CAN’s 4th Annual Youth Exchange or Intercambio took place from May 15-23, 2014, in the coffee-growing highlands of Veracruz, México. The Youth Exchange brought 32 youth leaders together to share experiences and knowledge about building food sovereignty in their own communities. The majority of the youth are leaders or promotores from CAN’s Food Security and Sovereignty Initiatives in Nicaragua (San Ramón and Las Segovias) and México (Quintana Roo and Veracruz). The youth leaders were joined by university students from the Universidad Autónoma Chapingo in Veracruz, and the University of California, Santa Cruz. CAN’s non-profit partner in Veracruz, VIDA A.C. (Vinculación y Desarrollo Agroecológico en Café), hosted the Youth Exchange.

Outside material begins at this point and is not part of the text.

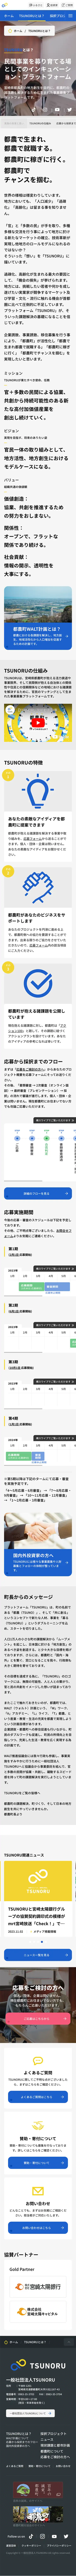 TSUNORU（つのる） – 宮崎県都農町の事業募集プラットフォームのモバイルサイズのAboutページ画像

For eight days, the youth engaged in capacity building exchanges, workshops and field visits. They taught each other how to make homemade fertilizers, tell captivating stories for social change, grow a milpa Maya (corn and beans), and catalyze social innovation. The program included visits to home gardens, coffee farms, markets, and a cooperative focused on sustainable living and workshops about permaculture, raising chickens, and ecotechnologies. It also included a university forum organized by CAN-affiliated researcher, Carlos Guadarrama (Professor of Agroecology, Universidad Autónoma Chapingo), about community struggles to maintain control of seeds and water resources. Throughout the Exchange, youth explored new ideas for increasing food sovereignty at the community level, and reflected on how to contextualize these efforts within broader social and political contexts.

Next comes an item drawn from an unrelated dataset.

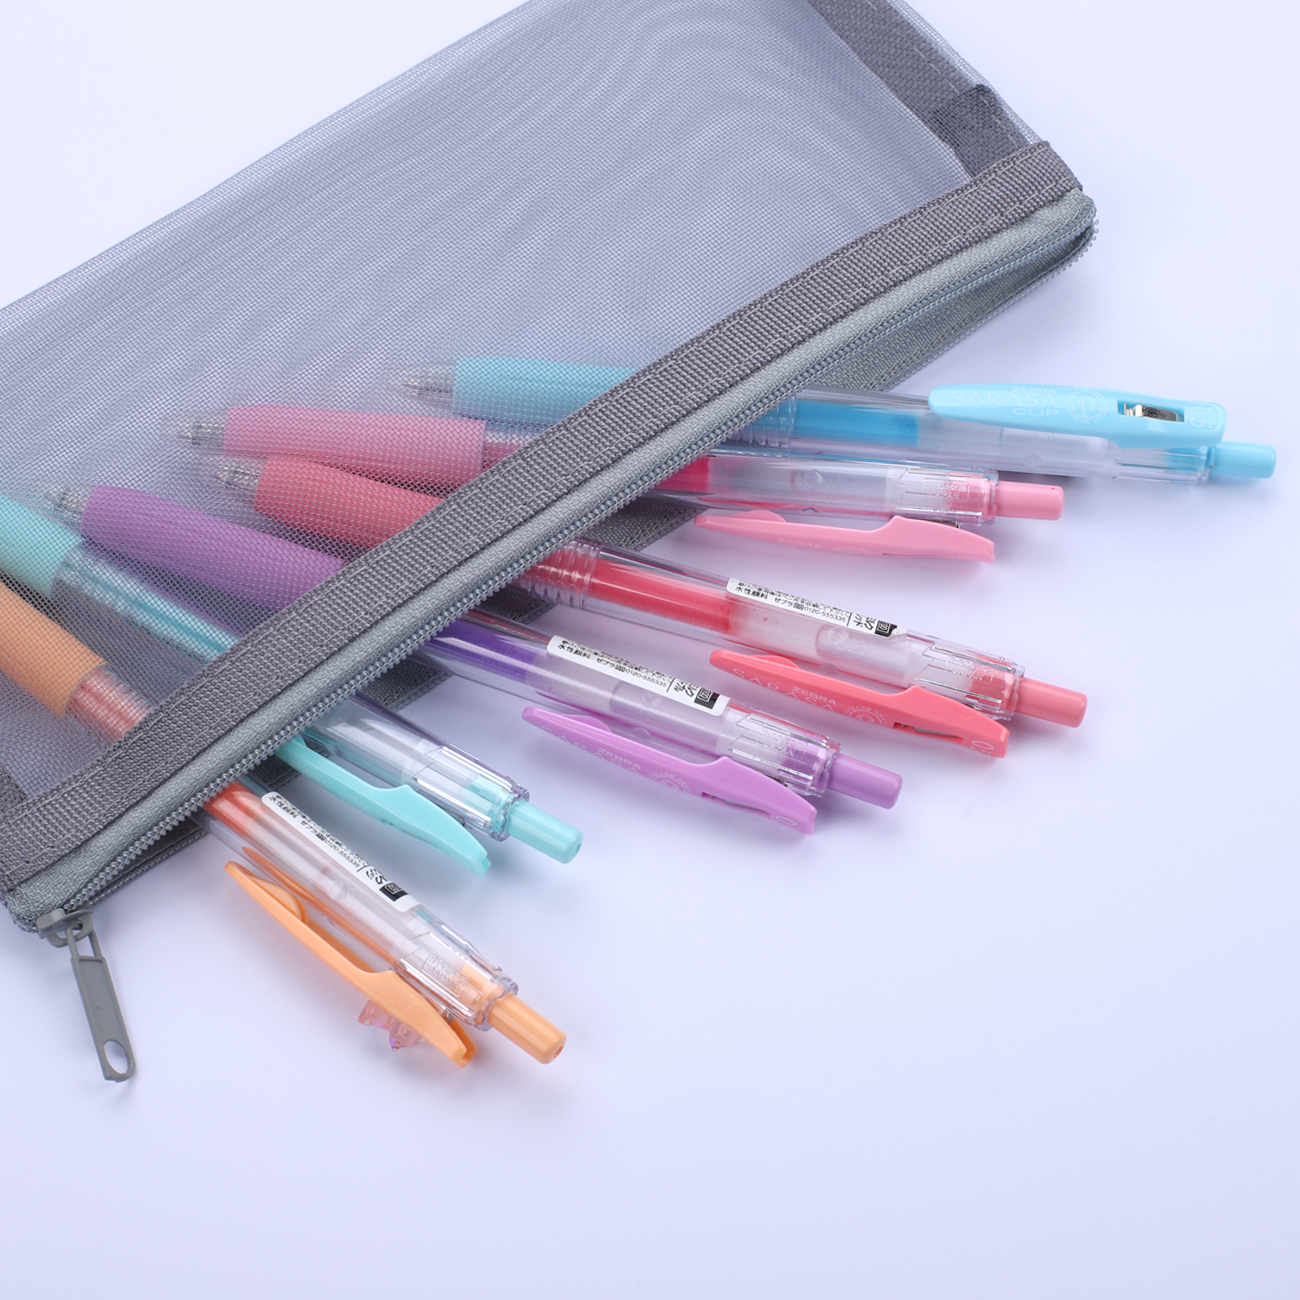 Pencil cases - plastic production

The Youth Exchange also provided the youth with an opportunity to evaluate their work to achieve food sovereignty and make concrete plans for the coming year. They committed to sharing their experience at the Youth Exchange with their home communities, implementing practices learned from each other, maintaining regular communication, and creating a resource that compiles their collective expertise. In particular, the youth expressed a lot of excitement about applying their new knowledge about ecotechnologies.